The ruling was released Friday evening but still had a chilling effect on publicly traded healthcare organizations during Monday trading.
The Dow Jones Industrial Average (DJIA) and numerous healthcare stocks fell sharply on the first day of trading after a federal judge in Texas ruled that the Affordable Care Act (ACA) was unconstitutional.
The long-awaited ruling by U.S. District Judge Reed O'Connor on Friday evening sent shockwaves through the healthcare industry as executives, political leaders, and ACA enrollees speculate about the legal future of the landmark legislation.
Uncertainty surrounding potential federal appeals to the ruling also reverberated on Wall Street Monday, as publicly traded healthcare companies took the brunt of the damage and the DJIA fell by more than 500 points.

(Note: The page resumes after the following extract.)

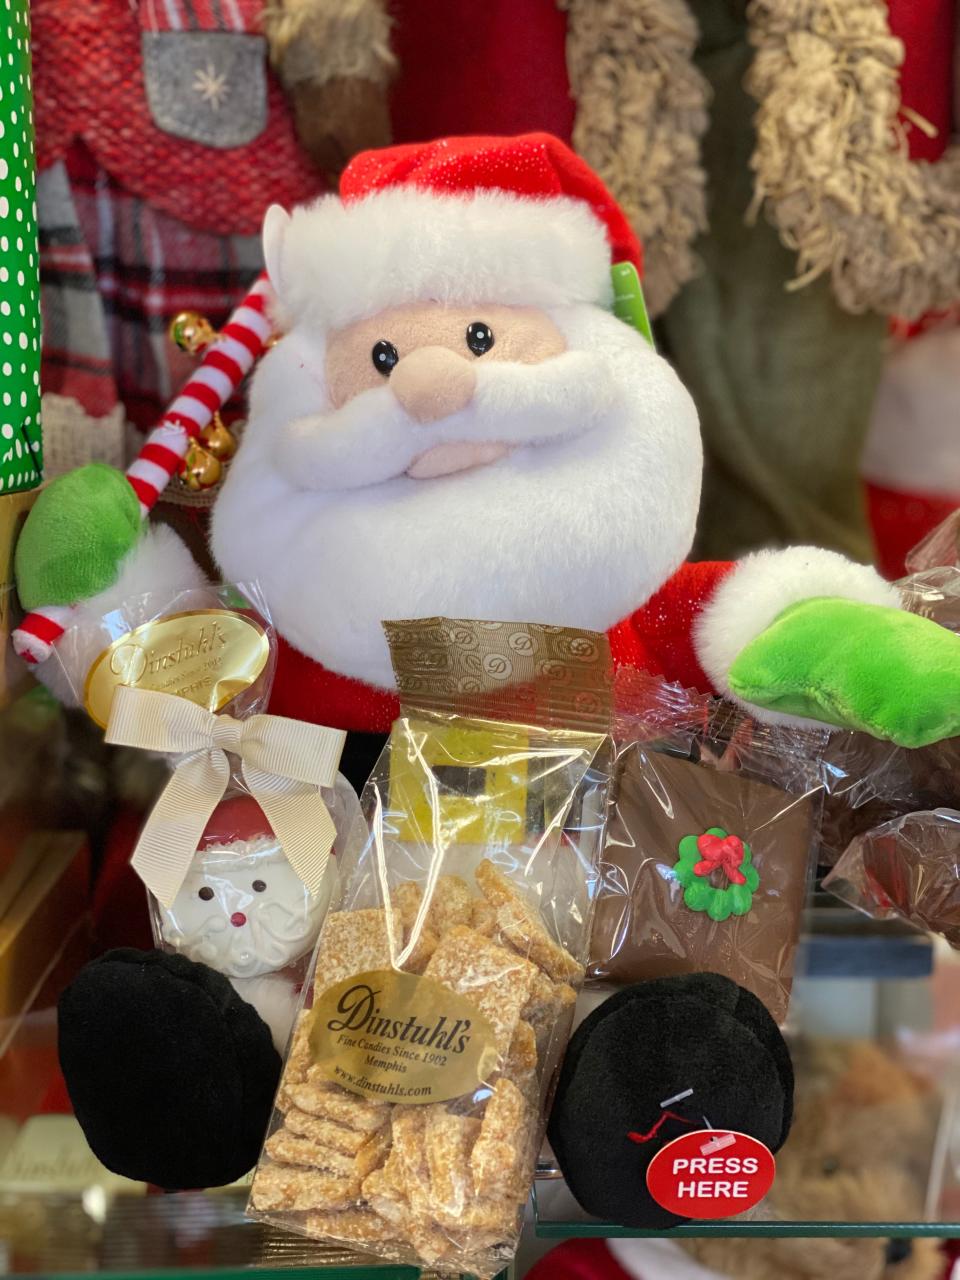 Dinstuhl's has been making candies in Memphis since 1902.  Cashew Crunch, Chocolate Covered Graham Crackers and Chocolate Covered Oreos are a few of the most popular items for stocking stuffers.

Related: Judge Rules ACA's Individual Mandate Unconstitutional, Declaring Entire Law Invalid
The largest slide during Monday trading was Community Health Systems, as the beleagured rural hospital operator saw its stock price drop by 13.65%. Following CHS' struggles were Quorum Health and Molina Healthcare, companies that both slid by more than 8.5%.
Texas-based hospital operator Tenet Healthcare dropped by 6.78%, while Teladoc, the telemedicine company, slipped by 6.41% on the same day that its CFO and COO announced their resignations at year's end.
Related: ACA Exchanges 'Still Open for Business' Despite Dramatic Ruling
Not all healthcare organization stock prices fell Monday, however, as WellCare rose by 0.13% and Humana finished up 1.12%.
How healthcare companies fared:
- Centene slid by 4.79%
- Cigna dropped 3.24%
- Anthem finished down 3.20%
- HCA fell by 2.86%
- Encompass Health Corporation dropped 2.73%
- UnitedHealth Group dipped by 2.61%
- DaVita slid by 2.26%
- Magellan ended down 2.24%
- UHS fell by 2.17%
- CVS dropped 1.67%
- Express Scripts finished down 1.55%
Related: 'The Judge Got It Wrong': Payers, Providers Pan ACA Ruling
Jack O'Brien is the Content Team Lead and Finance Editor at HealthLeaders, an HCPro brand.
KEY TAKEAWAYS
Payers and providers suffered on Wall Street in the first day of trading after a federal judge in Texas ruled the ACA is unconstitutional.
Though the ruling was a declaratory judgment instead of an injunction, the markets reacted negatively to the news.
Not all companies suffered losses on Monday, both WellCare and Humana were up by market close.